In a sense, Warewolf reaches out to those unfamiliar with traditional methods of programming. With its flow-based style it greatly simplifies programming. It makes simple things very easy, and difficult things possible, albeit complex – some computation tasks are simply complex no matter how you look at it.

Although Warewolf utilizes aspects of Windows Workflow Foundation (WF), it definitely is not WF.
In a tremendous way it compensates for the limitations and potential misuse of WF that has resulted in the apparent distrust of flow-based programming solutions in the Microsoft ecosystem.

Undisputed, starting out with a graphical flow-based representation of logic jump starts development. Only having such a graphical view in the long run, in my opinion is limiting and only polarizes those who need to use the system into avid supporters and staunch opponents. If at all possible, providing alternative ways of describing logic should be sought after.

This article is about the plan to enhance Warewolf with a generalized, pluggable architecture for producing and consuming radically diverse representations of workflows.

Along the way we will hopefully get to dabble with concepts from computer science such as parsing, compiler construction, abstract syntax trees, OO patterns and the like.

If these topics interests you check back here regularly, get the code, and comment – your suggestions are most welcome!

Note: help on getting the code abounds in our Knowledge Base on I want to contribute.

Text representation beats binary mostly, but don’t overdo it

In The Art of Unix Programming, Eric S. Raymond extols the virtues of human readable, text based data representation over binary formats:

“When you feel the urge to design a complex binary file format, or a complex binary application protocol, it is generally wise to lie down until the feeling passes.

If performance is what you’re worried about, implementing compression on the text protocol stream either at some level below or above the application protocol will give you a cleaner and perhaps better-performing design than a binary protocol (text compresses well, and quickly).”

Since the book was published in 2003 we have surely seen this in a big, big way with HTML on the web and in particular, the massive invasion of XML on the .Net platform. From XML config files to XAML for UI layouts and specification (WPF). From WSDL for contract specification for WCF to XSD for specification and validation of user created XML – text representations, and XML in particular. It has almost become too much!

The larger picture however seems to suggest that the verbose XML has been overkill and that the more lean JSON will continue to push XML out of the picture. In the Warewolf realm this seems to hold as well.
While plain XML served us well when we started out when we solely relied on Windows Workflow Foundation (WF) for workflow execution, we have moved on with the introduction of our very own execution engine, which allow us to run using either WF, or our own optimized engine instead.

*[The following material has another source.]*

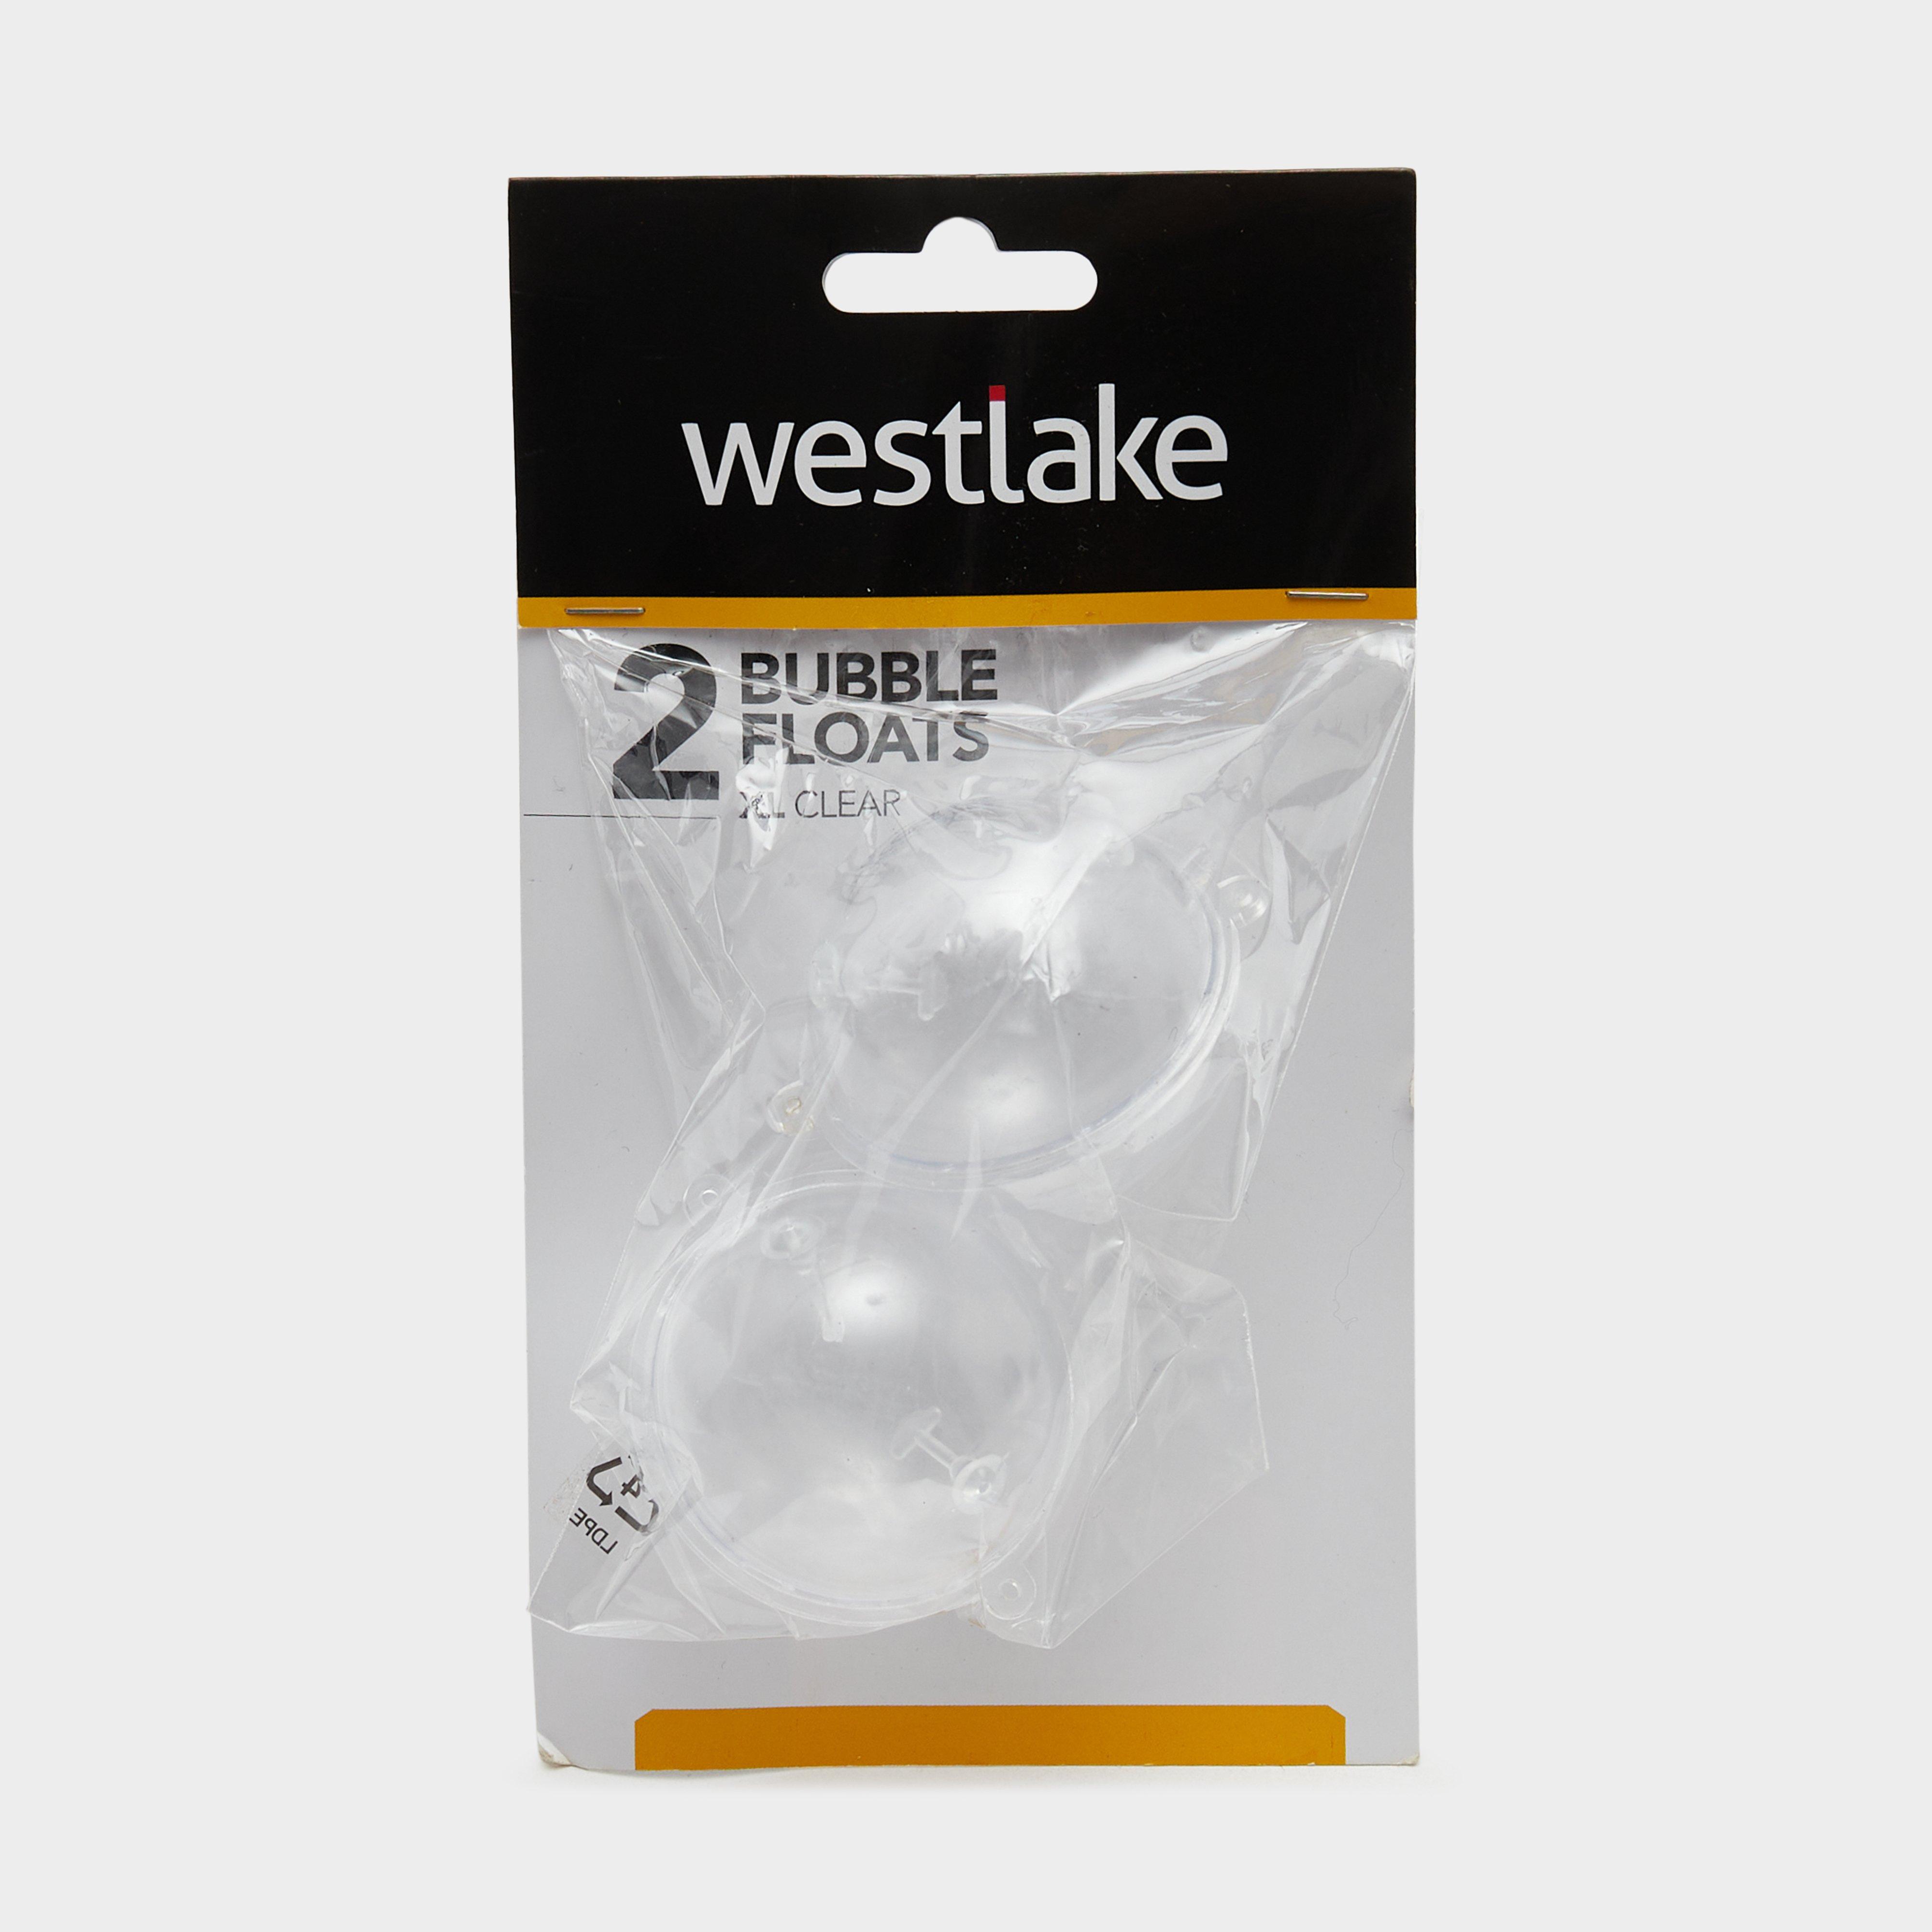 Westlake 2pk Bubble Float Xl Clear  Clear

Keeping the option of WF execution safeguards us into the future just in case WF receives a radical face lift, while for the moment we gain 10x speedups with our own execution engine. Our own engine also opens up the possibility for moving away from the cumbersome XAML that the WF Design Surface produce.

XML Inside Warewolf

Currently, there are two important places inside Warewolf where XML makes it’s appearance:

  1. For configuration files, and
  2. the XAML that forms the native representation of a workflow.

Internally XAML is produced by the WF Design Surface inside Warewolf Studio as the artifact of your crafted workflows. Inside the Warewolf Server, the XAML corresponding to your workflows are persisted, parsed and executed.

While this is all good and well for reliable transmission, parsing, and visual presentation by the Studio on the design surface, the sheer amount of information that needs to be persisted coupled with the auto-generated nature of the code makes human inspection or alteration of the XAML virtually impossible.

This is not a problem as such, since the Studio’s design surface presents a clear and intuitive graphical representation of a workflow. However, when you require an alternative output such as a structured textual document describing the actions of a workflow in pseudo-code you are stuck.

What about representing your Warewolf workflows as JSON formatted data? Or what if you would like to highly optimize a particular workflow by implementing it straight in C#? Or even a non CLR language, running the entire process as a call to a DLL method from inside Warewolf? How about producing a literate programming of your workflow that would allow an iterative refinement that is extensively documented?

In essence, the Workflow Way embodies the concept of literate programming in that the graphical representation of a workflow is first and foremost intended for human comprehension, with the added ability that the execution semantics can be understood by a computer.

Enter the Warewolf Documenter: a drive towards creating an architecture that will allow the implementation of a broad range of output formats.

Planning the documenter

Since the precise representation of a workflow resides in the XAML generated by the Studio, the first step towards a documenter requires the parsing of this XML.

Intuitively there seems to be two broad ways of accomplishing this:

  1. A standalone parser that will generate a kind of intermediate representation of the workflow XAML on its own,
  2. incorporating the generation of this intermediate representation into the existing parsing process in a visitor-like pattern.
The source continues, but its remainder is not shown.